# Bestimmten Column finden



## StepByStepButSlow (13. Nov 2017)

Einen schönen Abend miteinander,

gibt es die Möglichkeit, die Columnnumber eines in der Datenbank einzigartigen Strings zu finden? Z.B. steht der String direkt in der ersten Column oder doch vielleicht in der vierten?

Mein Grundgedanke war:
"SELECT '" + String + "' FROM Table" und anschließend über die ResultSetMetaData...

Jedoch führt mich dieser Weg bislang nicht an mein Ziel.

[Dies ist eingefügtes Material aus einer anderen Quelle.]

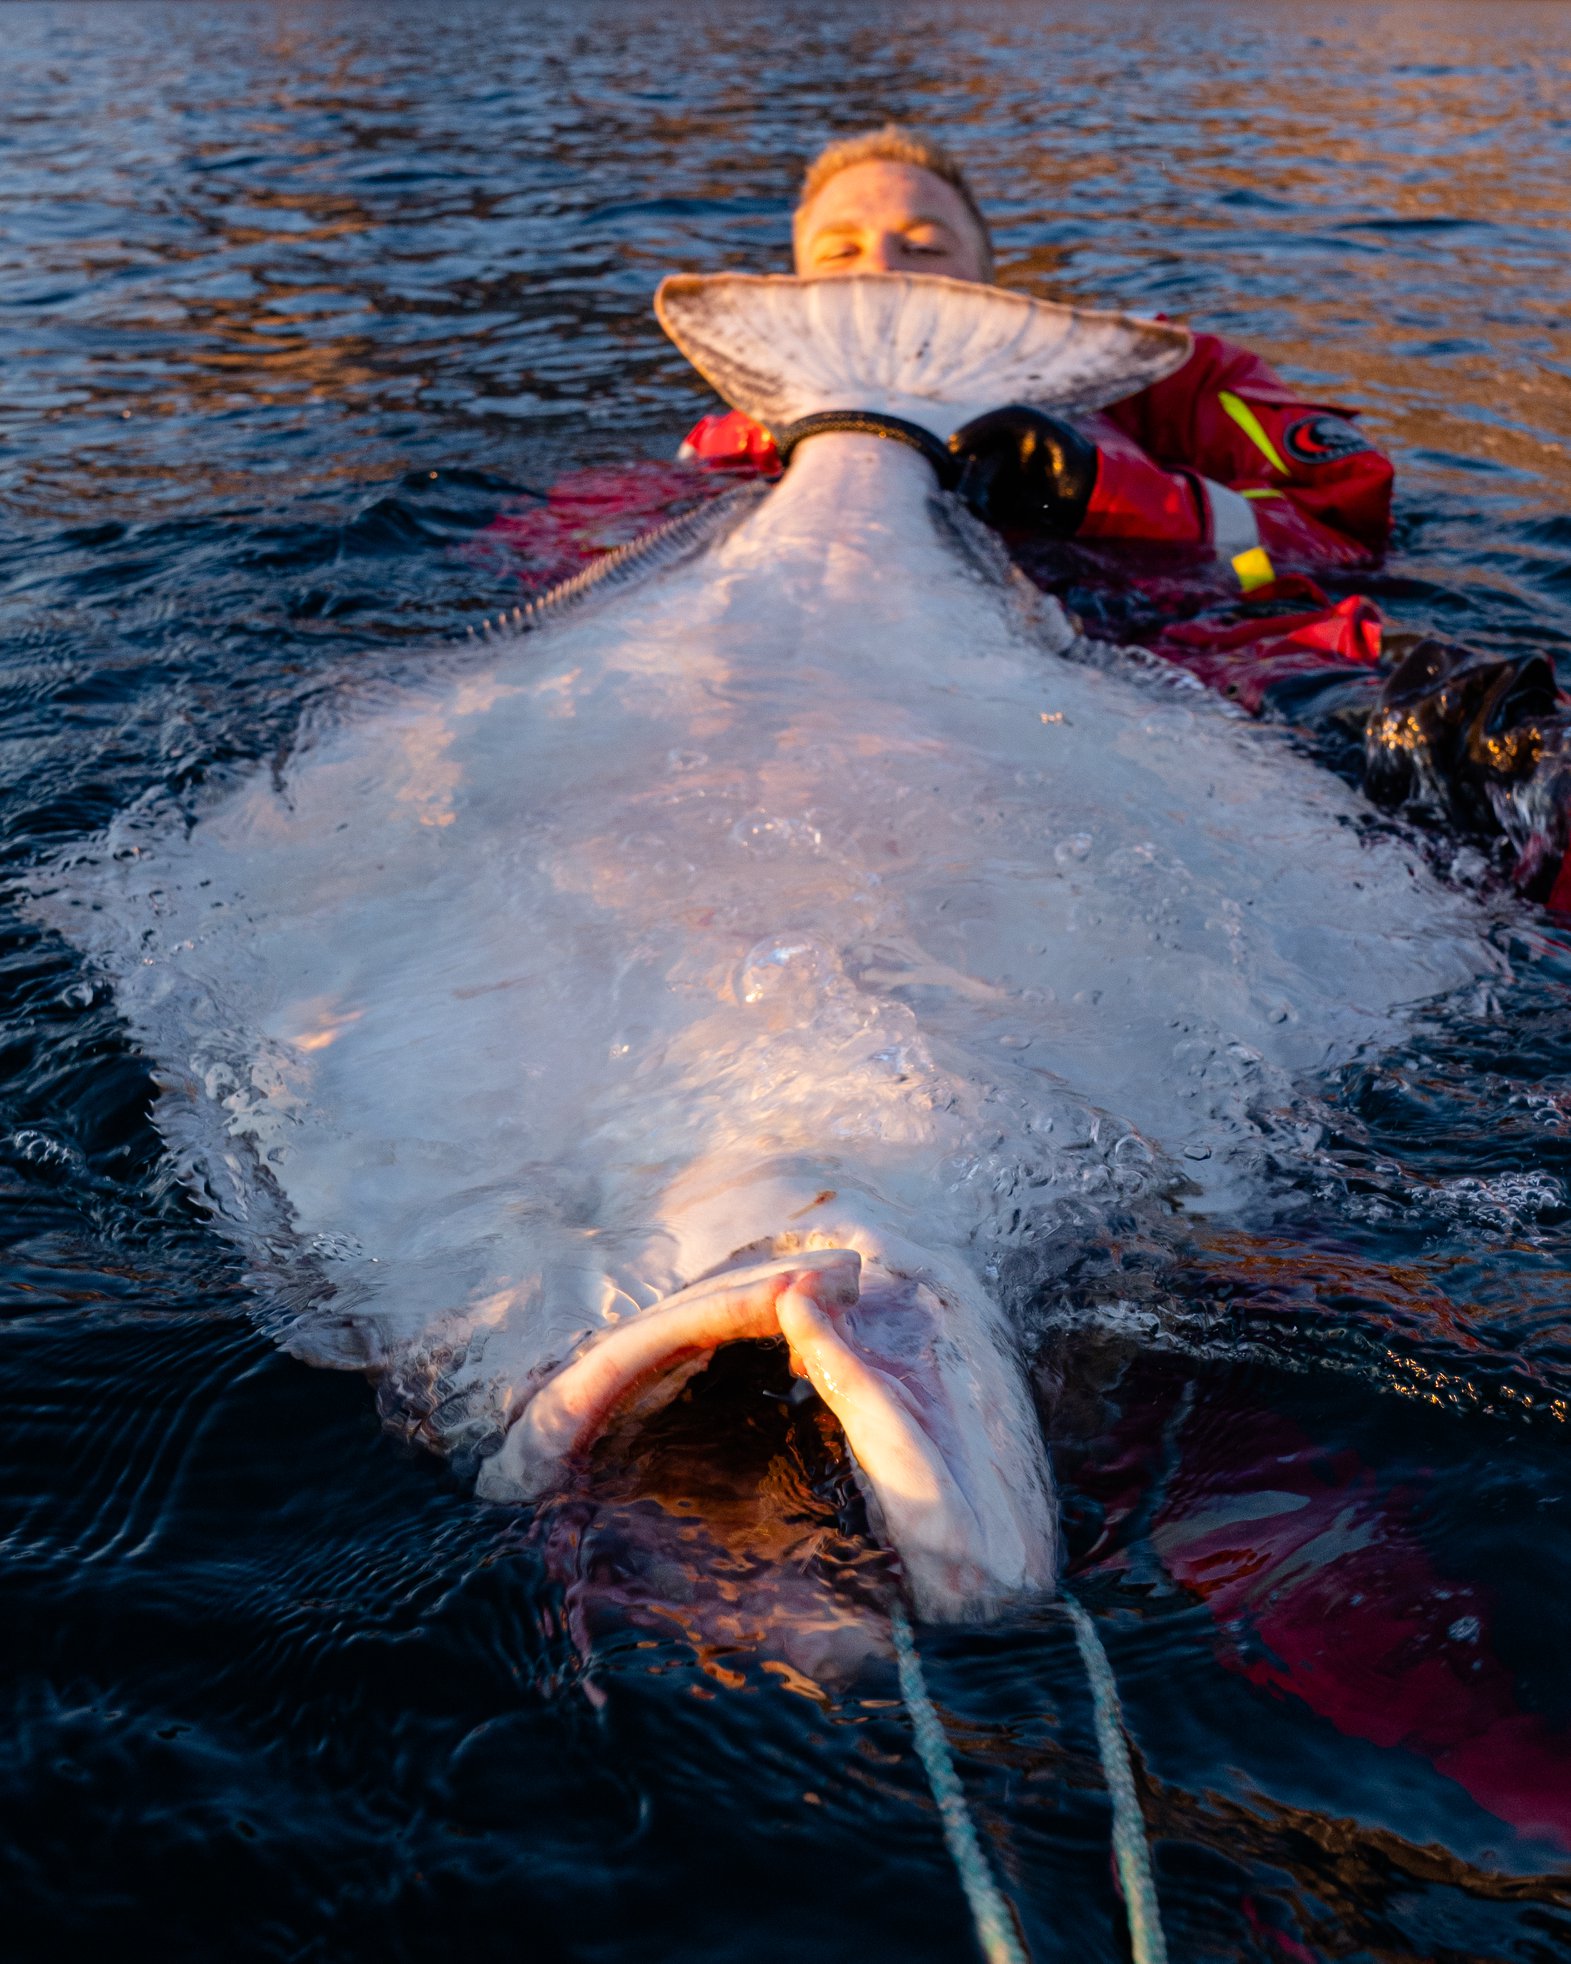 Large Halibut in Norway

Hat vielleicht jemand eine Idee?

Mit freundlichem Gruß

StepByStepButSlow


----------



## mrBrown (14. Nov 2017)

Es gibt keine „erste Column“, sowohl Zeilen als auch Spalten sind im Grunde ungeordnet.


----------



## truesoul (14. Nov 2017)

Also du kannst den Spaltennamen herausfinden ...


----------



## StepByStepButSlow (16. Nov 2017)

Vielen Dank für eure Infos. Ich habe die benötigten Daten jetzt als andere Lösung zu einem früheren Zeitpunkt in meine Datenbank übernommen und damit das oben stehende Problem umgangen.


----------